EXERCISE DETAILS →
The answer should be every line below, repeated exactly, with the images left out.

PROVIDED MATERIAL →
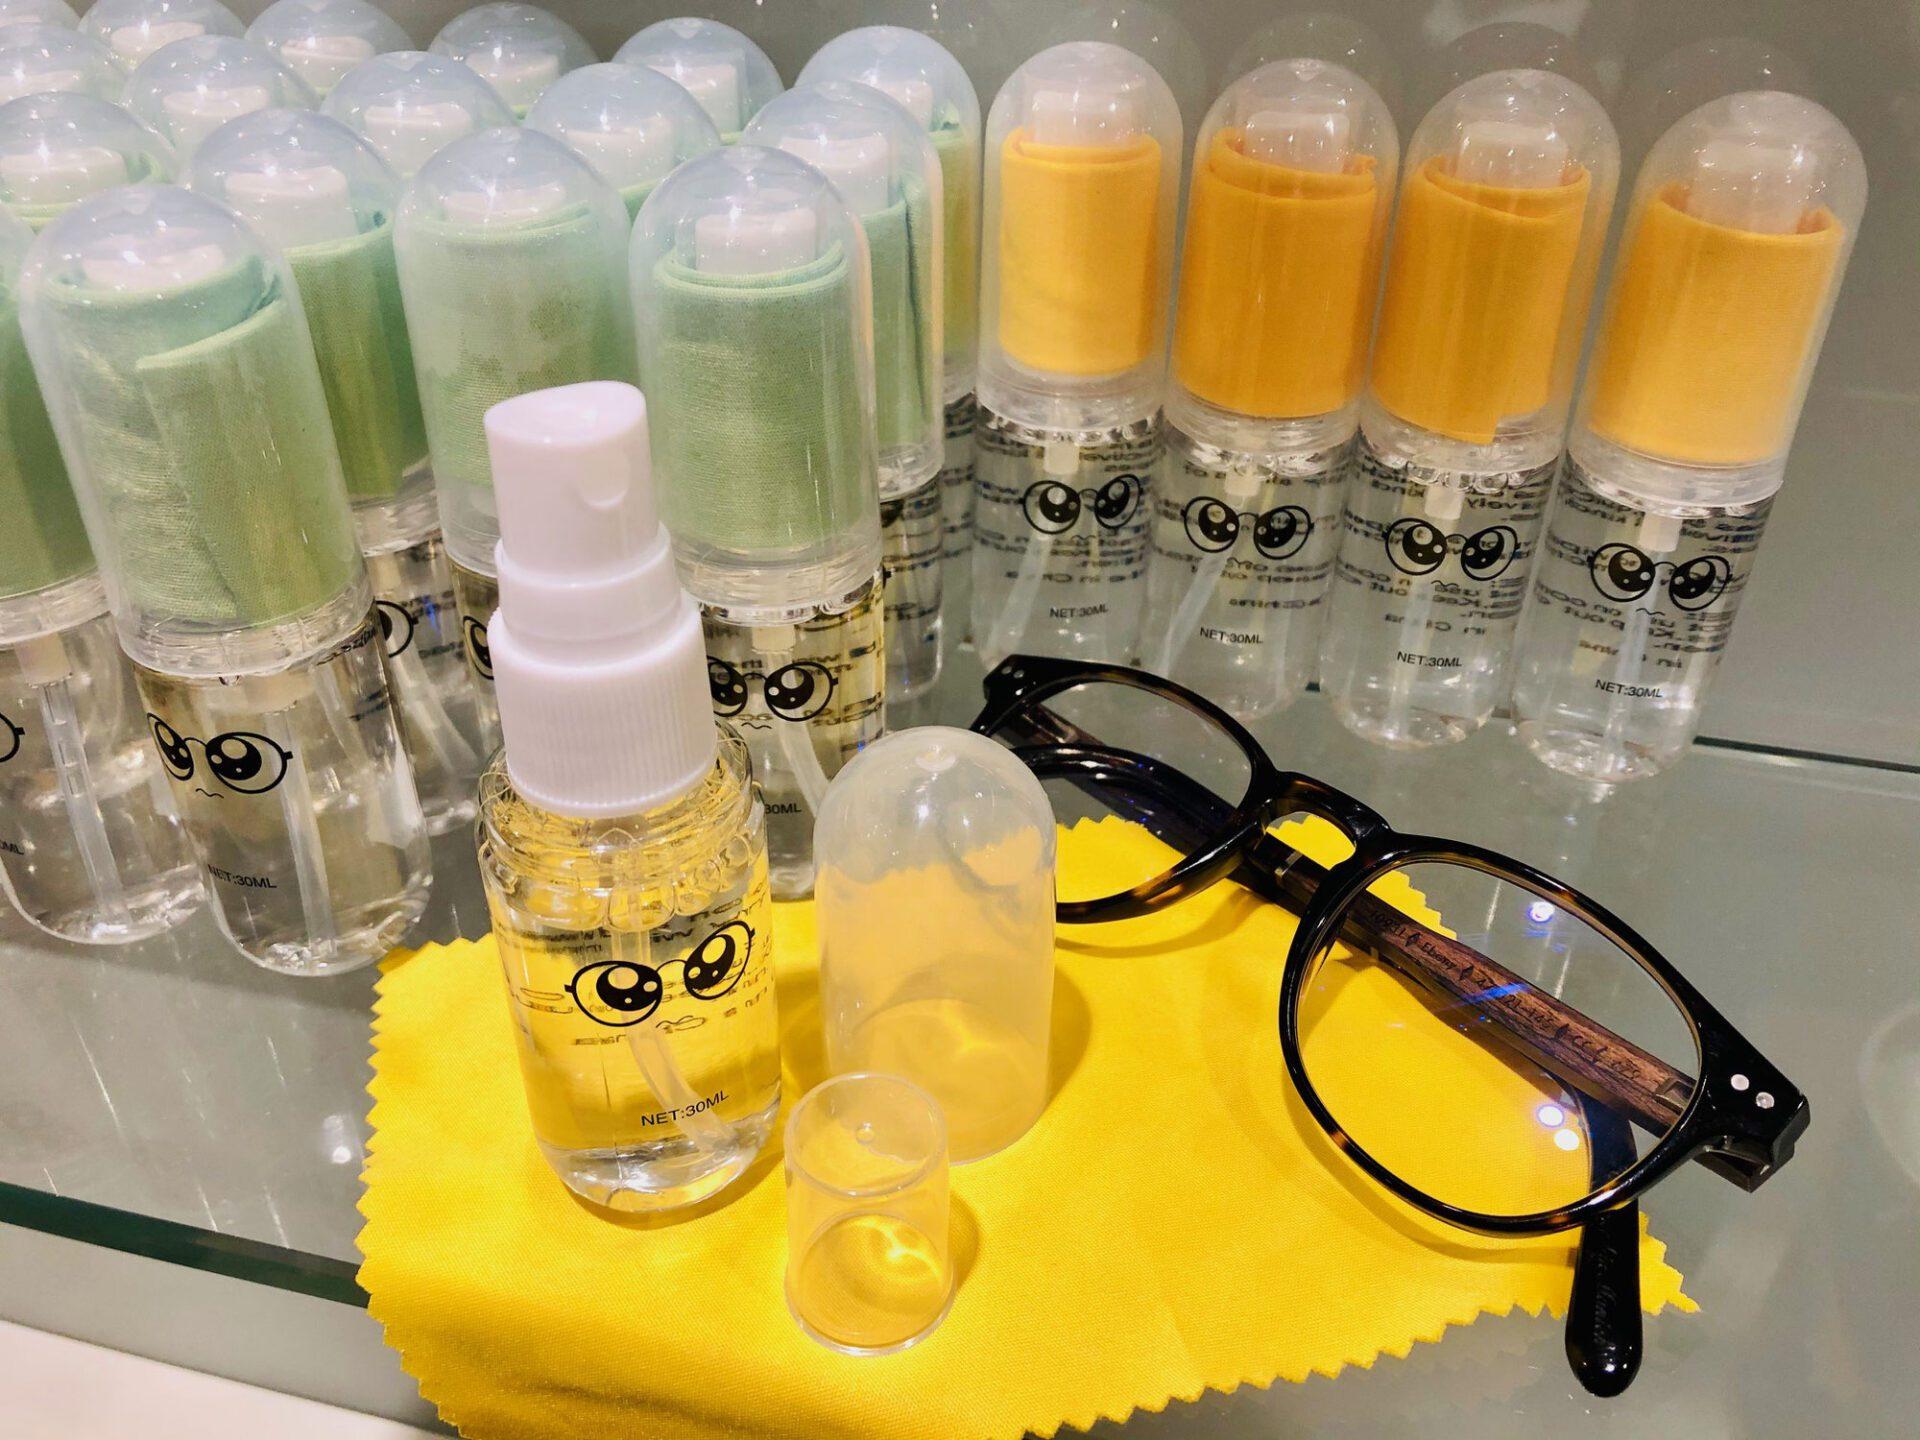 Optiko by Schütt - Brillenmode in Hamburg - Anti-Beschlag Spray (Anti-Fog) für Brillengläser - jetzt endlich wieder vorrätig!
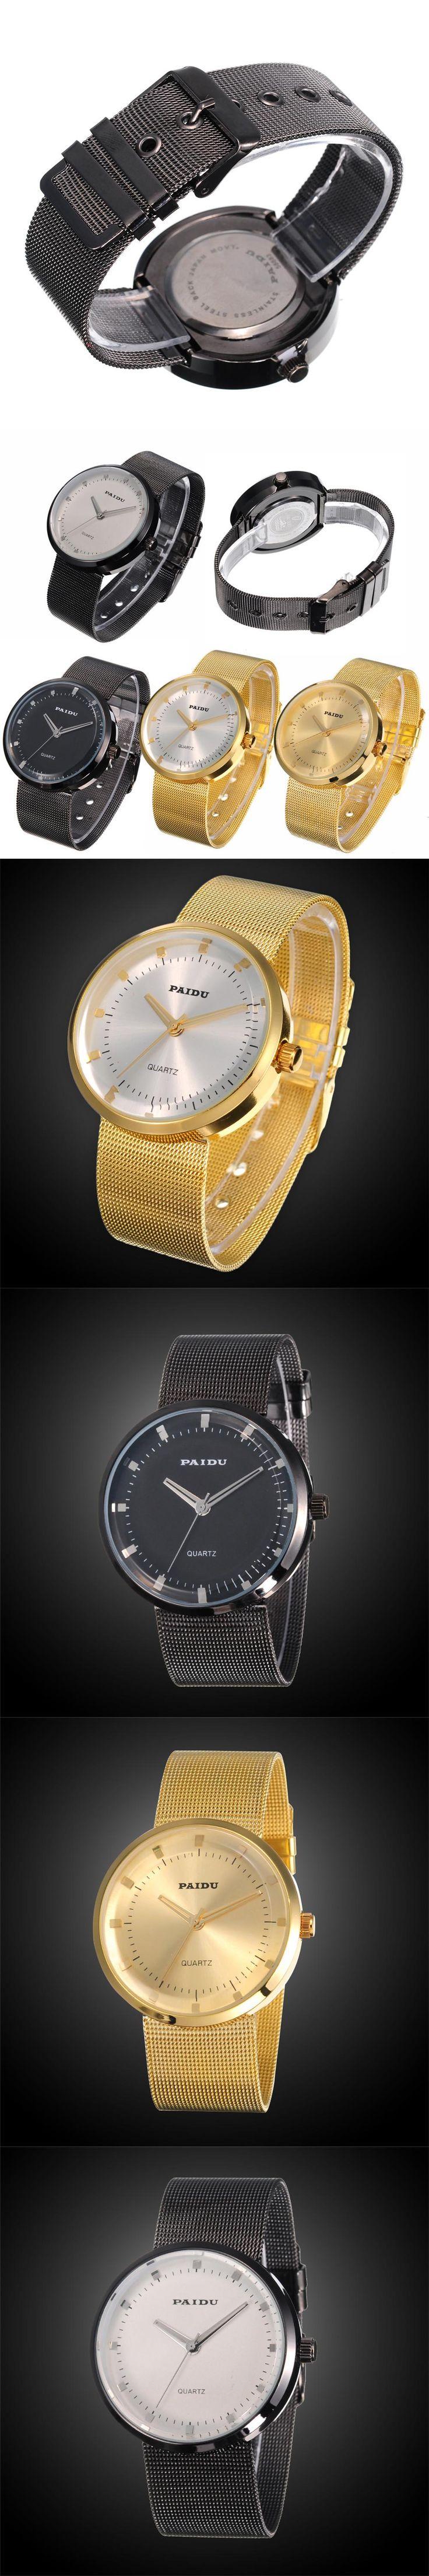 Relogio Masculino Fashion Watches Men 2015 New Designer Top Brand Luxury Men's Analog Quartz Popular Military Watch Wristwatches
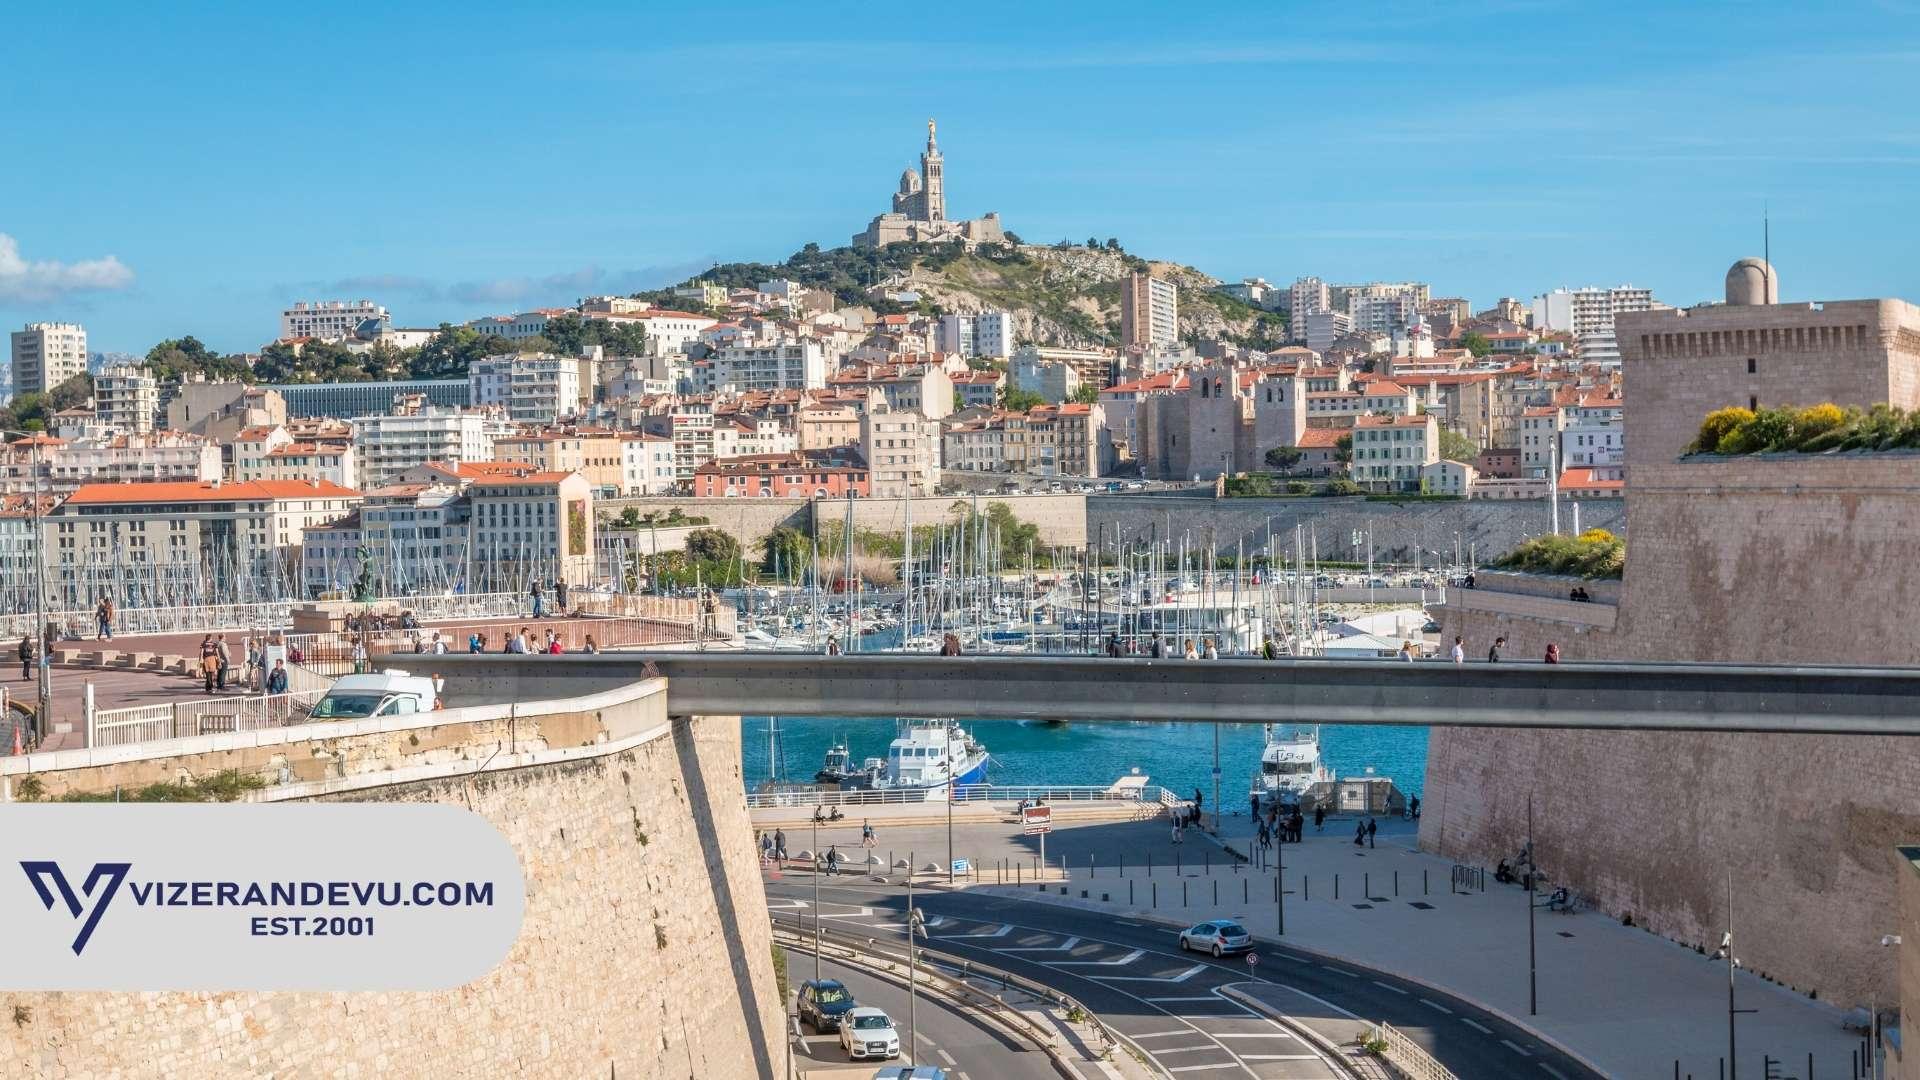 Fransa'da Çalışmak İçin Ne Yapmalıyım?

TASK SOLUTION →
 Optiko by Schütt - Brillenmode in Hamburg - Anti-Beschlag Spray (Anti-Fog) für Brillengläser - jetzt endlich wieder vorrätig!
 Relogio Masculino Fashion Watches Men 2015 New Designer Top Brand Luxury Men's Analog Quartz Popular Military Watch Wristwatches
 Fransa'da Çalışmak İçin Ne Yapmalıyım?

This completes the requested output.